Friday, January 6, 2012

Day 310 of 365

I'm not a breakfast person, but my husband is. I'm just fine and dandy if I have a bowl of Chex, Rice Krispies, Special K, or Cheerios. Occasionally I might go for a breakfast burrito or a muffin. For him, cereal is more like something you have if you're still hungry after dinner. Big breakfasts are his thing. Biscuits and gravy. French toast. Omelets. Some kind of egg dish with everything but the kitchen sink thrown in (including some hash browns), then smothered with gravy would probably be his number one choice. But with his higher cholesterol he's been sticking to oatmeal, berries, and walnuts in the mornings.

Once in a while, the idea of breakfast for dinner strikes his fancy. For some reason, I can tolerate breakfast-type meals better in the evening than I can in the morning.
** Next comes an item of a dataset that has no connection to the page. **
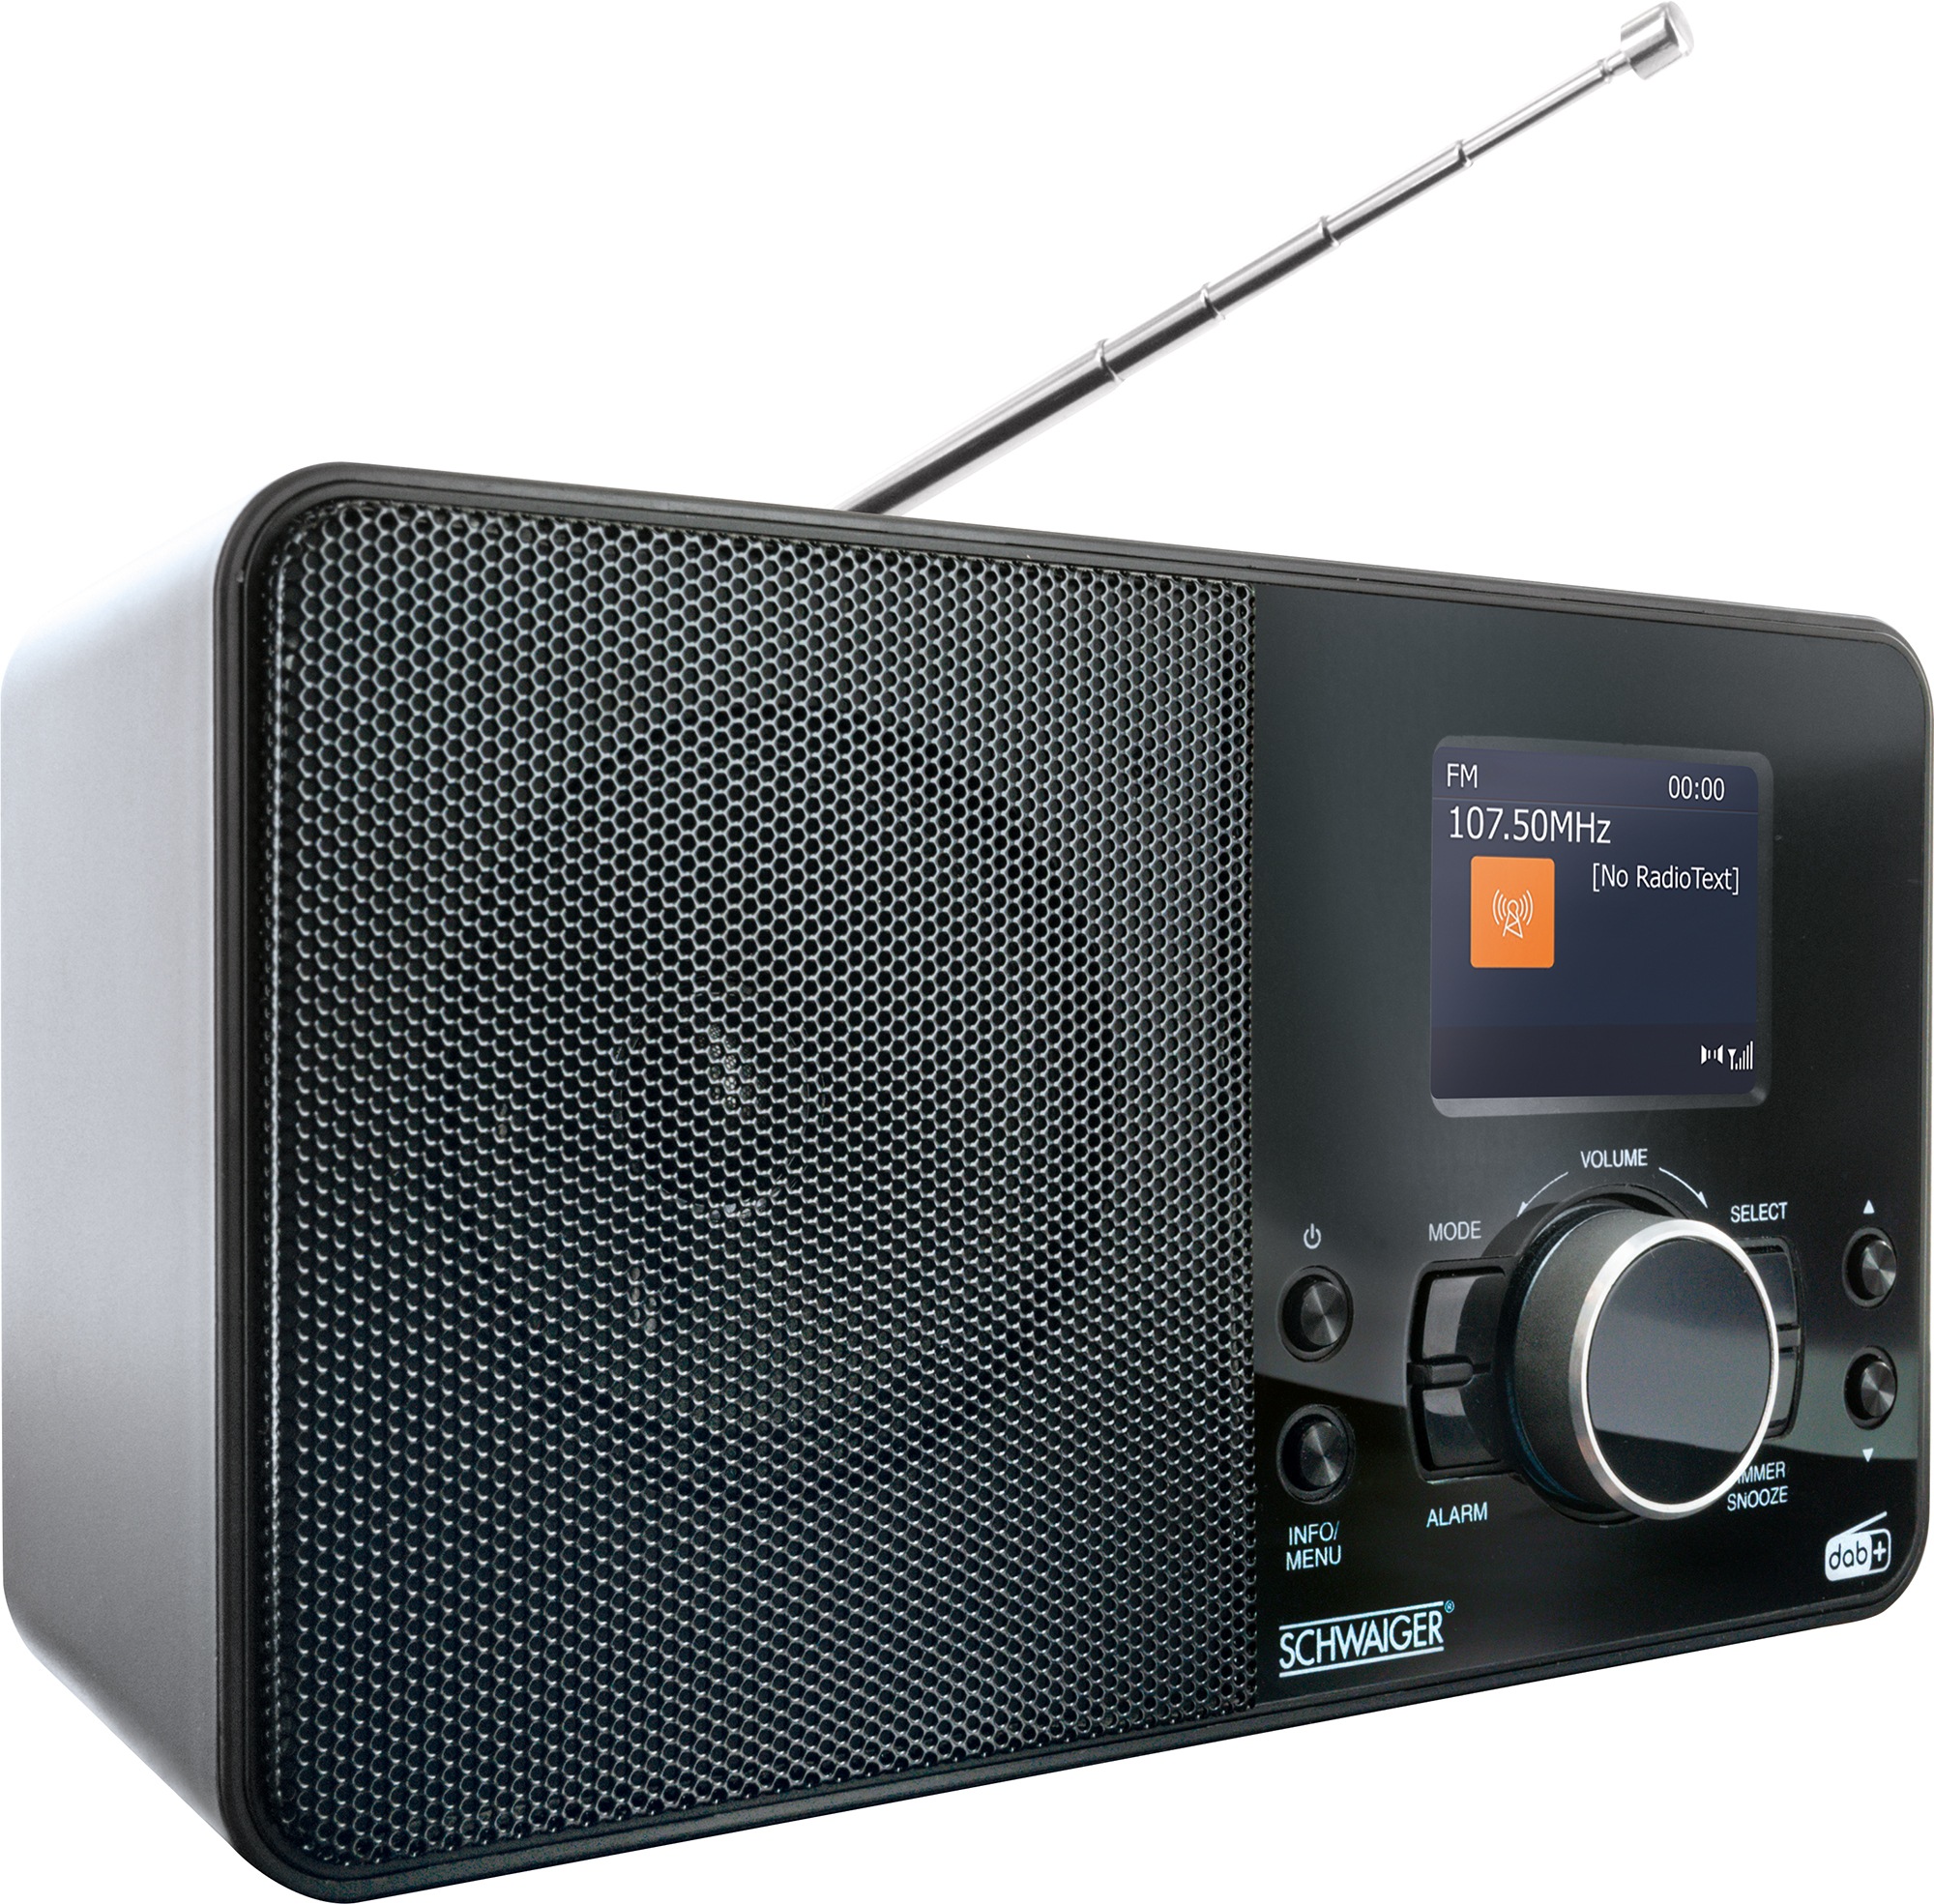 Schwaiger Digital Radio DAB/DAB+ tragbar mit UKW und DAB

Tonight's end-of-the week breakfast-for-dinner meal was omelets and hash browns. Onions, peppers, and those Little Smokies sausages. Not the best for the calorie watching, but I was more careful today and had some calories to spare.

Thursday, January 5, 2012

Day 309 of 365

It ended. The last day of my Christmas break was yesterday and I started back to work today.

After having a horrible last week of school in December, I was in desperate need of a break. The pain I was in during December was the worst pain I could recall since post-surgery pain. I don't know if stress or overworking or what contributed to it, but it was bad. I have pain-filled days every single day, but this was excruciating pain-filled. I don't know how I made it through. But I did.

I made it right into Christmas Break. My plans were to start popping those pain pills again to get some relief. And I did pop those pain pills for a couple days in a row. Yes, they provided relief, but the side effects were again not something I wanted to deal with.

But now, two weeks out - and no pain pills in my system - I'm feeling a bit better than I did. How can one day be so excruciatingly painful and another not? I don't get it.

I just know I'm working on taking better care of myself. I started tracking my food intake for the last few days. Even with being out of town I was still able to keep my calorie count down. Until today.

Going back to work from vacation threw my calorie-counting out of whack. Having cookies sitting on my desk when I showed up today started the downward spiral. It continued with me coming home from work after dark. Being too tired to cook led me to dinner at the local Mexican restaurant where I made poor food choices. I'm afraid to even track the calories I consumed today, but I will. Ugh.

And I had such hope for a great day. With such a pretty sunrise practically rising from the south, how could a day turn out so rotten?